Looking up : The link between income and mortality rates is weakening (The Economist, May 14th 2016)

Mortality has fallen for almost everyone. You would expect this: health care and lifestyles (most notably, smoking rates) have improved. Less predictably, age affects how those gains are divvied out between rich and poor (see chart). Those over 50 have done best in rich counties, reinforcing the notion that the link between income and health is strengthening for the middle-aged. Yet among the young--and particularly among young men--the biggest gains have been in the poorest places.

There are three likely explanations. First, crime has fallen, benefiting poor areas more.
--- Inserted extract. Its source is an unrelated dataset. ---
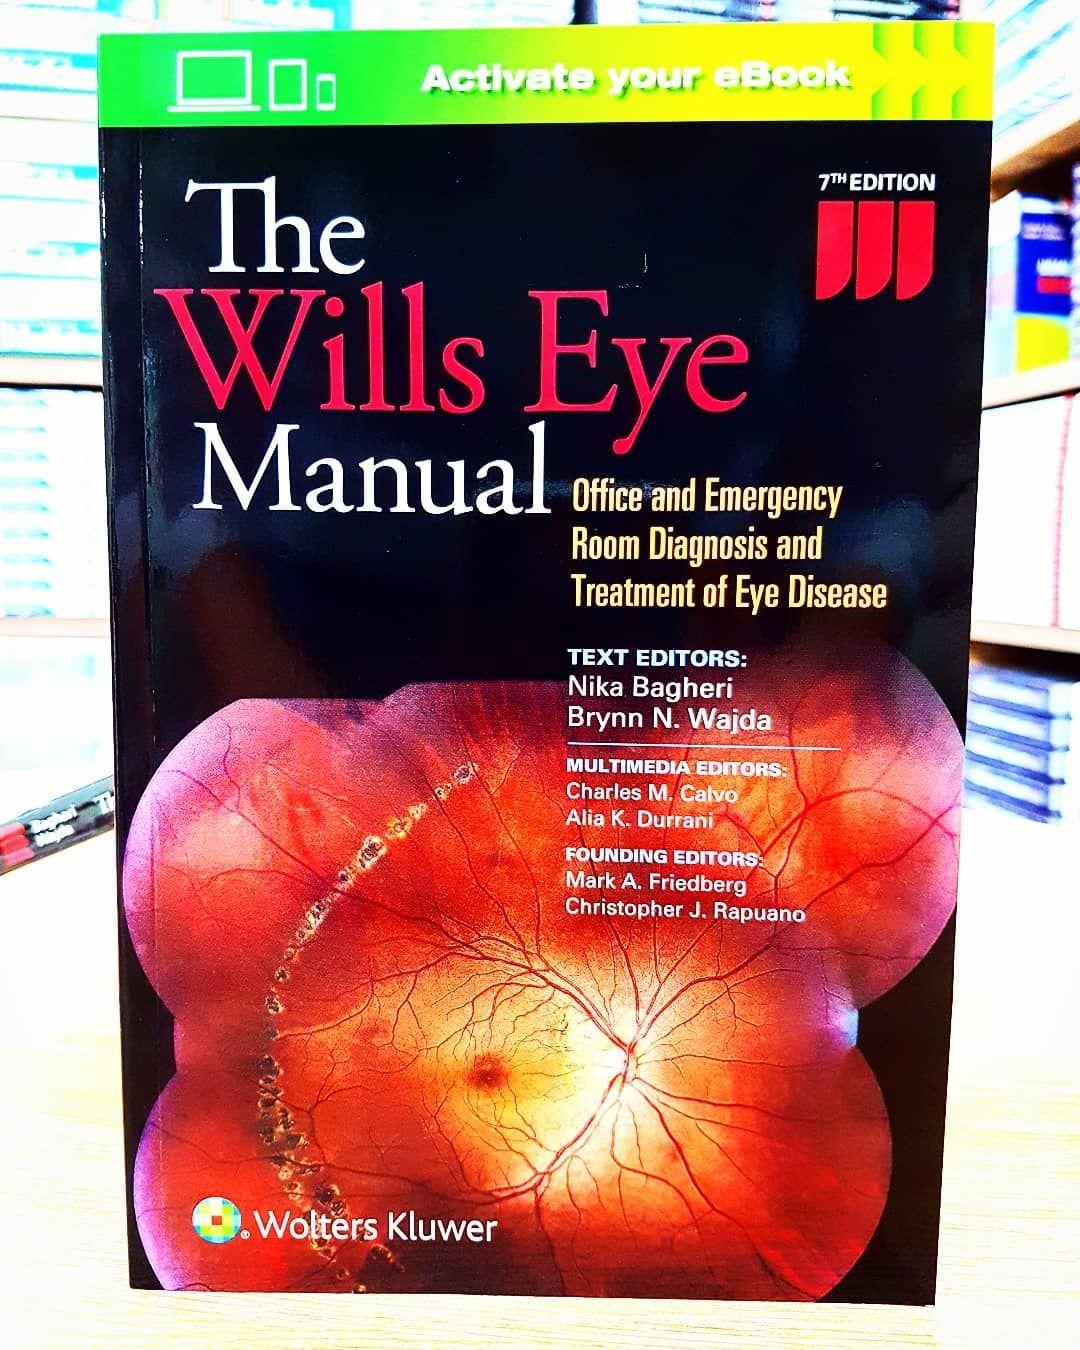 The Wills Eye Manual. . للطلب والاستفسار :- -whatsapp: +962 797 121 818 . # medical #eye #manual #book #ABC_BOOKS #store

In 1990 there were 37 homicides per 100,000 men aged 18-24. By 2014 there were 20. This has particularly affected black men, who more frequently fall victim to murder. In 1990 twice as many young black men died from any cause as young white men. That has fallen to 50% more, with the lower murder rate accounting for four-fifths of the improvement.

Second, HIV is killing fewer people. This is partly due to fewer cases. In 1990 there were 21 incidences of HIV/AIDS per 100,000 men; today there are 12 (though all the progress was before 2000). It is also due to better treatment. Because the HIV epidemic is concentrated in poor, black, southern areas, falling deaths from HIV make mortality rates more equal. HIV mortality has fallen most among 25- to 44-year-olds; among black men in this age-group, HIV deaths are down by 90% since 1990.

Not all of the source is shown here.